Data in this exercise:
»»

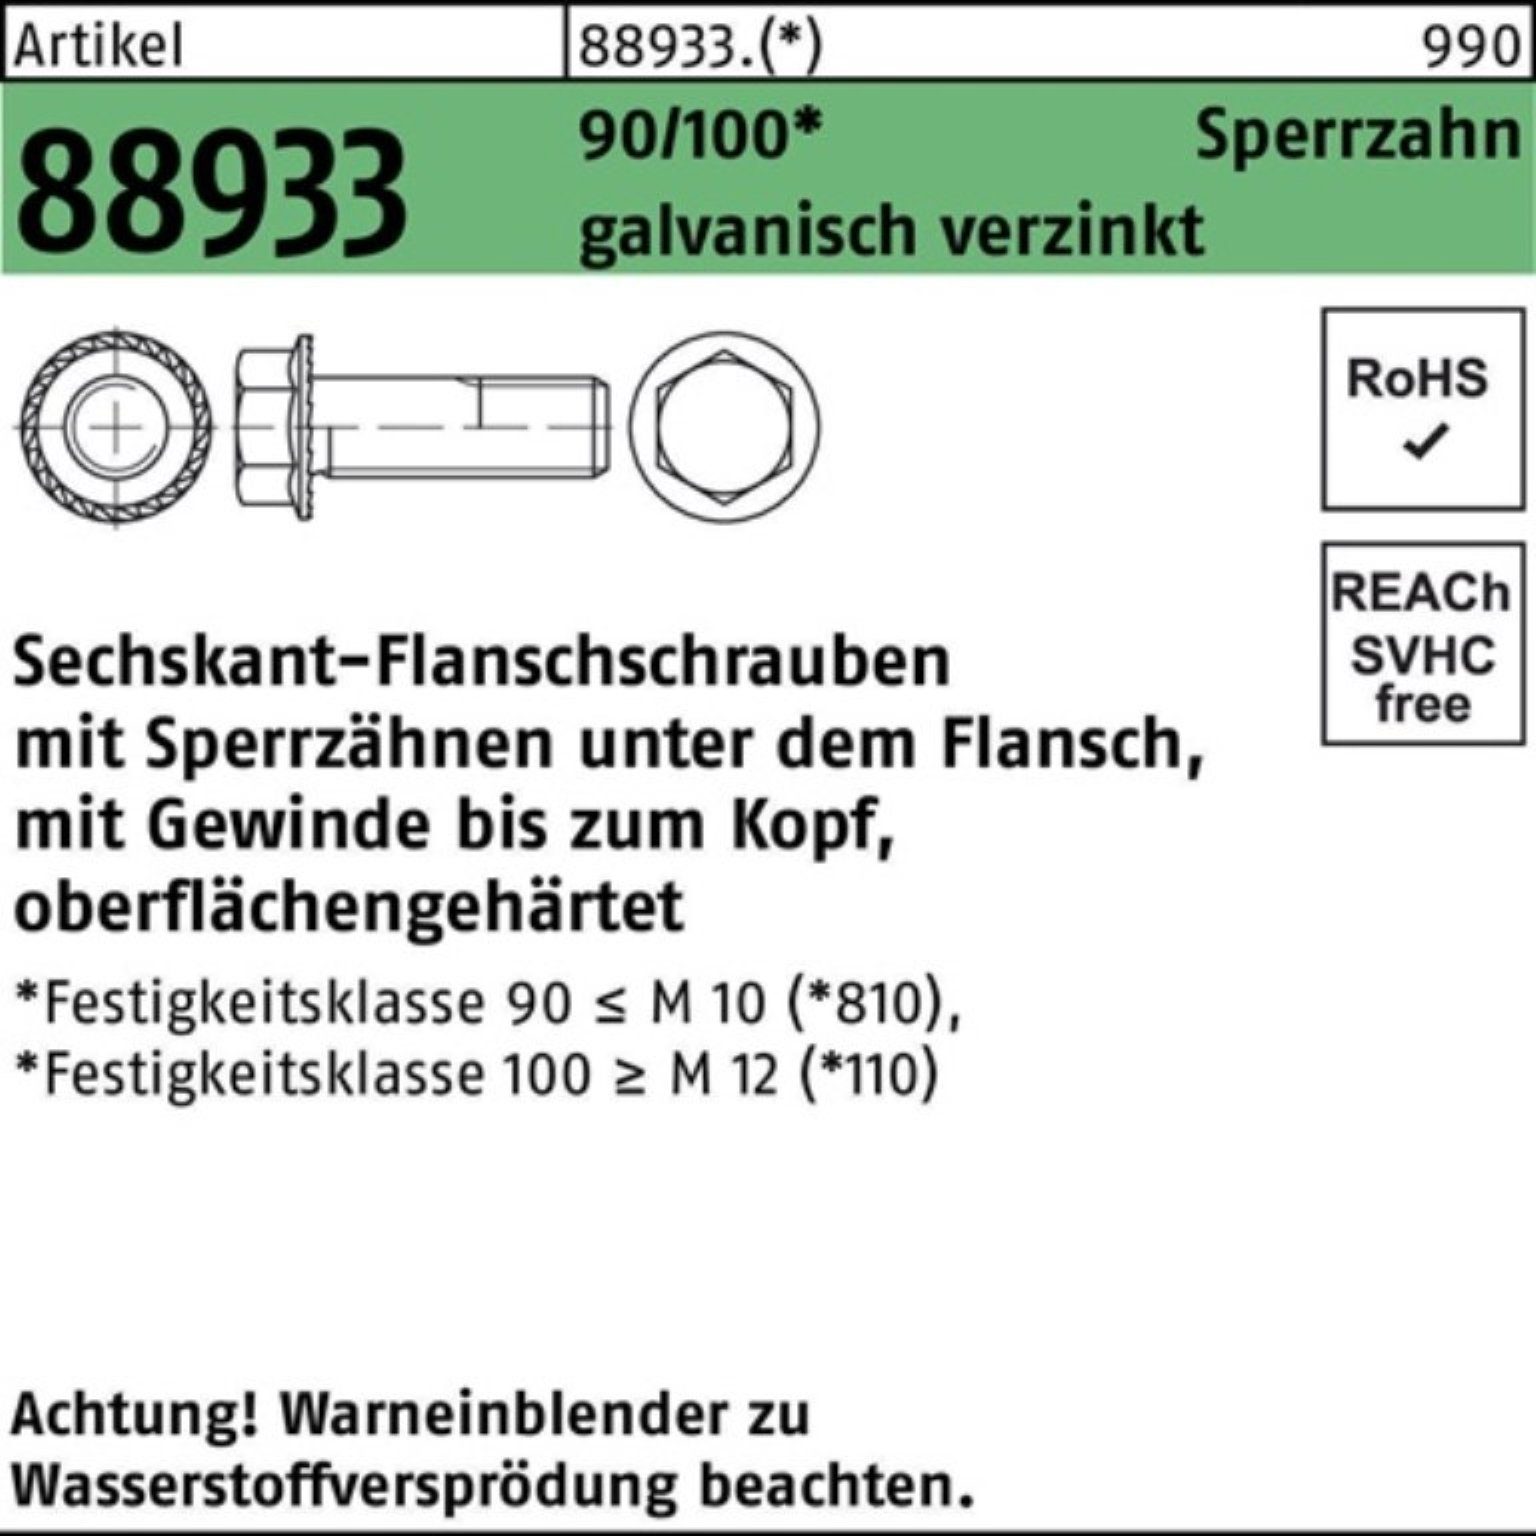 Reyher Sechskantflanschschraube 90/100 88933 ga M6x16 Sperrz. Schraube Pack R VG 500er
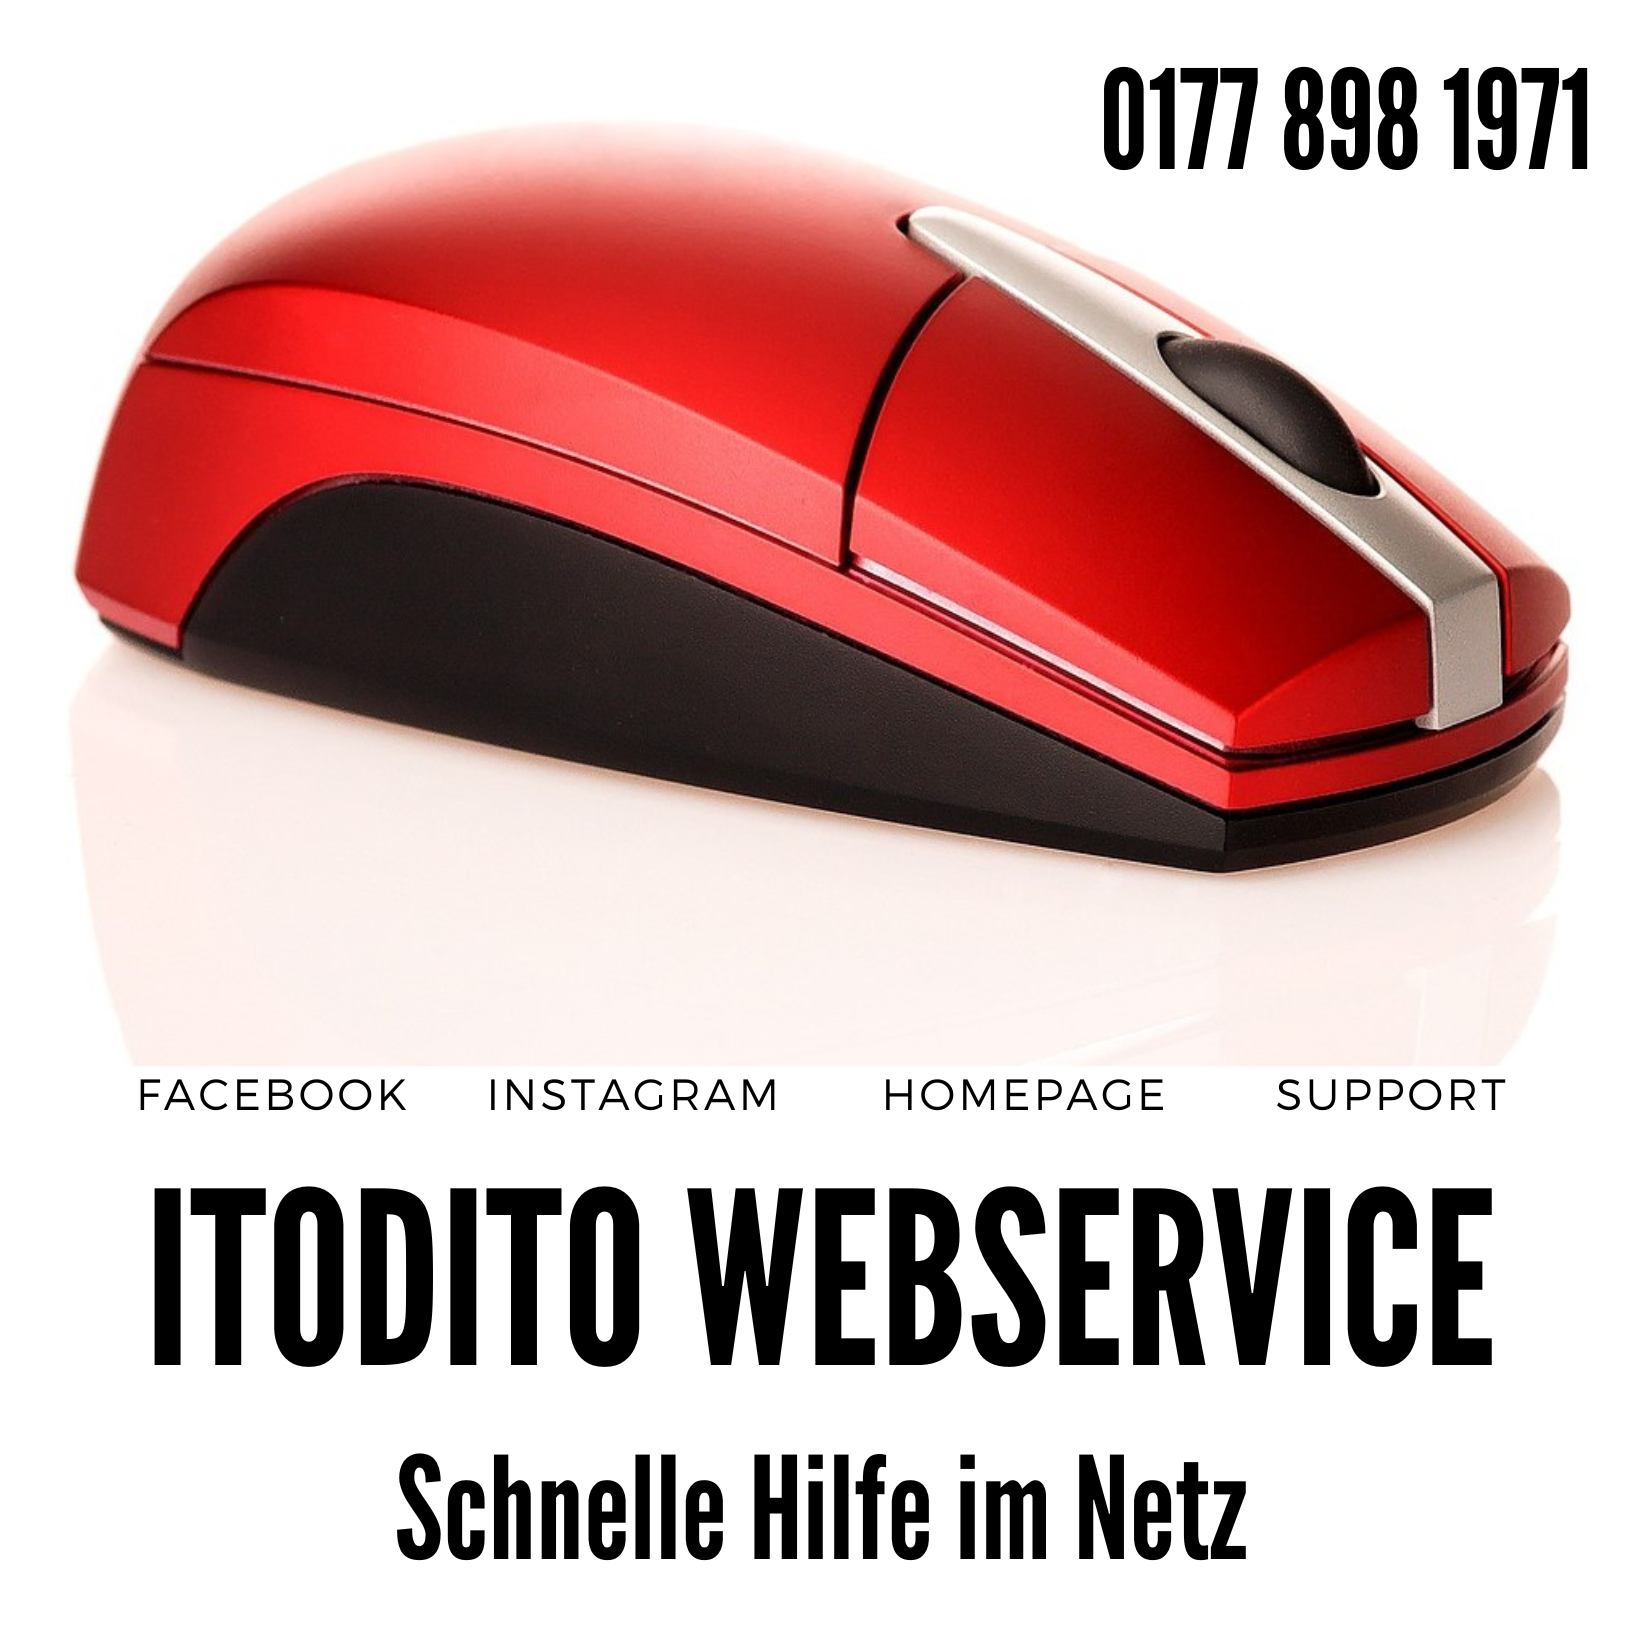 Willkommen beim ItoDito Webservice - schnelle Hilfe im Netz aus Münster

««
»»

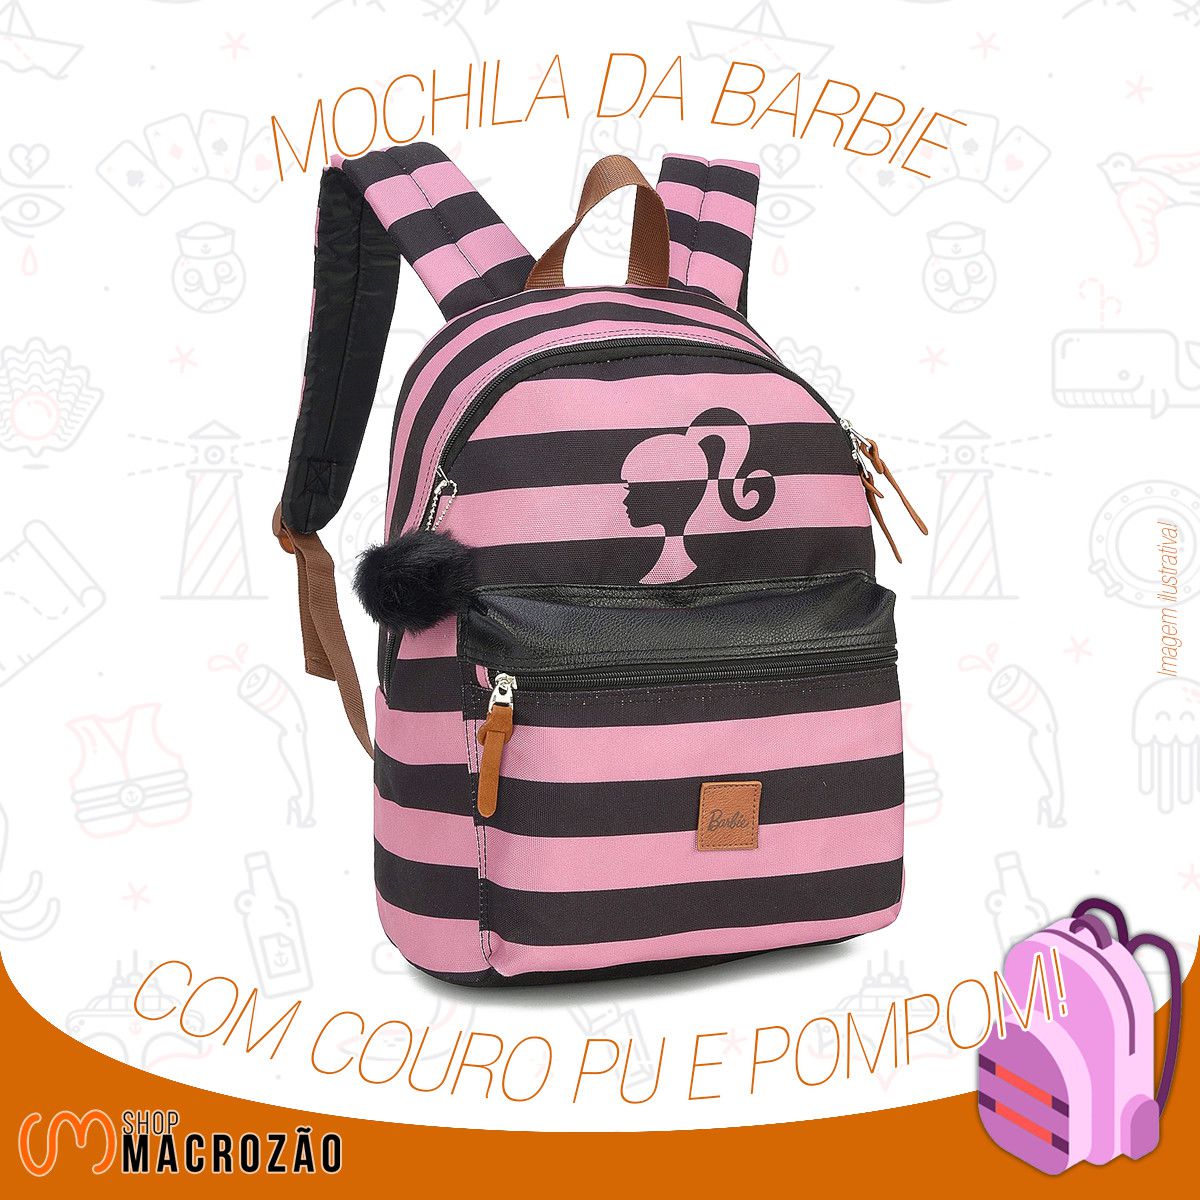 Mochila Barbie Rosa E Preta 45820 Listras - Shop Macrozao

««
»»

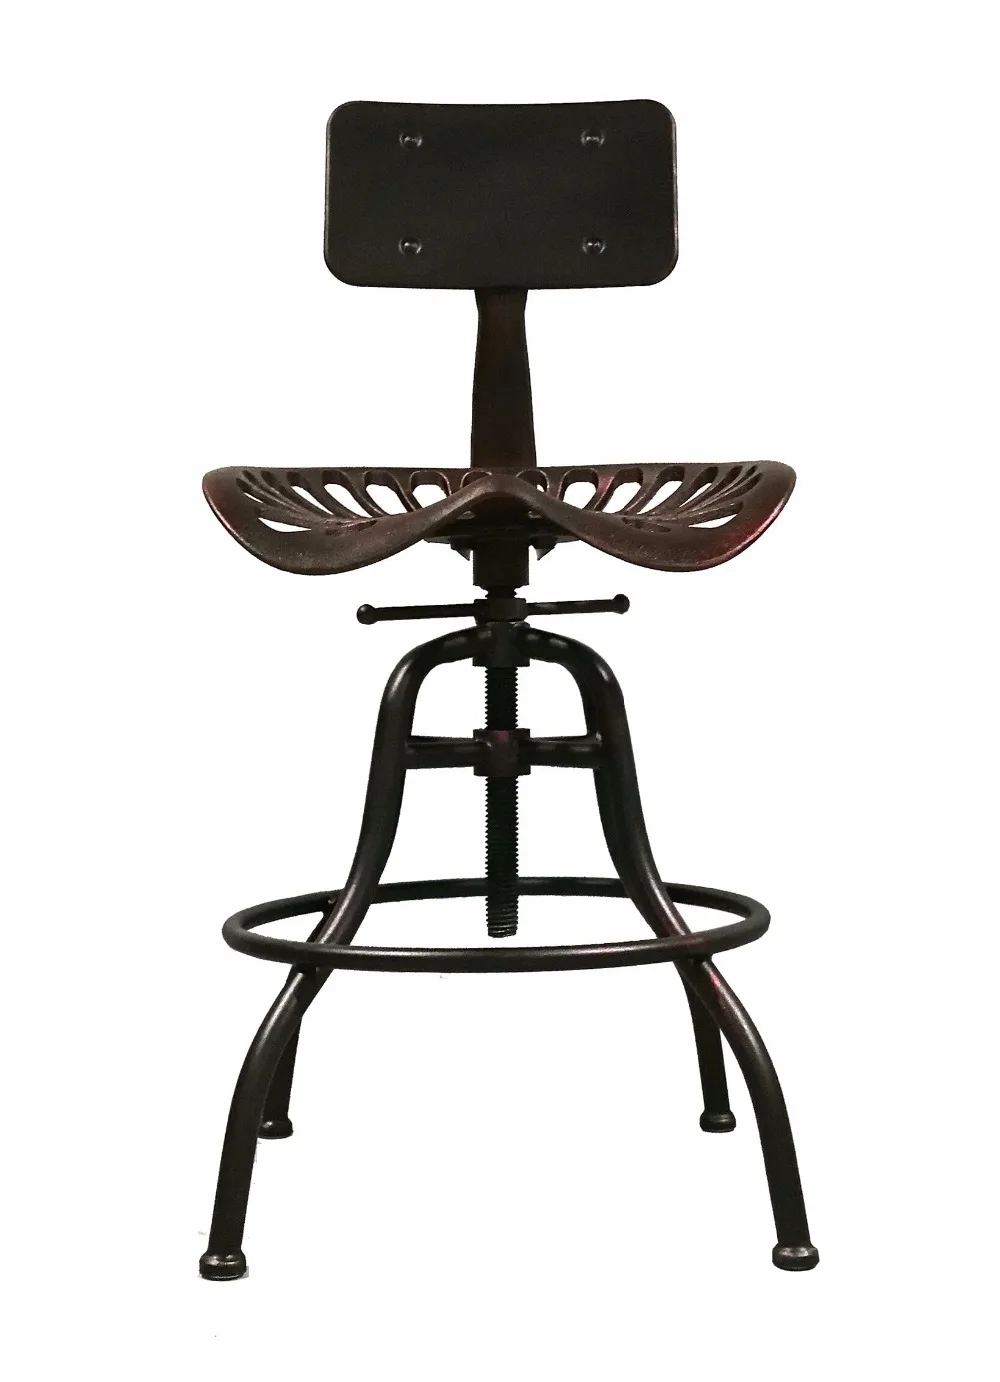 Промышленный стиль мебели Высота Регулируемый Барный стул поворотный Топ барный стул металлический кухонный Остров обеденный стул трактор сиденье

««

What you are asked to do: What should come back is an exact copy of the lines above from the line with "Reyher Sechskantflanschschraube 90/100" to the line with "Willkommen beim ItoDito", both included, minus the pictures.

Answer section:
 Reyher Sechskantflanschschraube 90/100 88933 ga M6x16 Sperrz. Schraube Pack R VG 500er
 Willkommen beim ItoDito Webservice - schnelle Hilfe im Netz aus Münster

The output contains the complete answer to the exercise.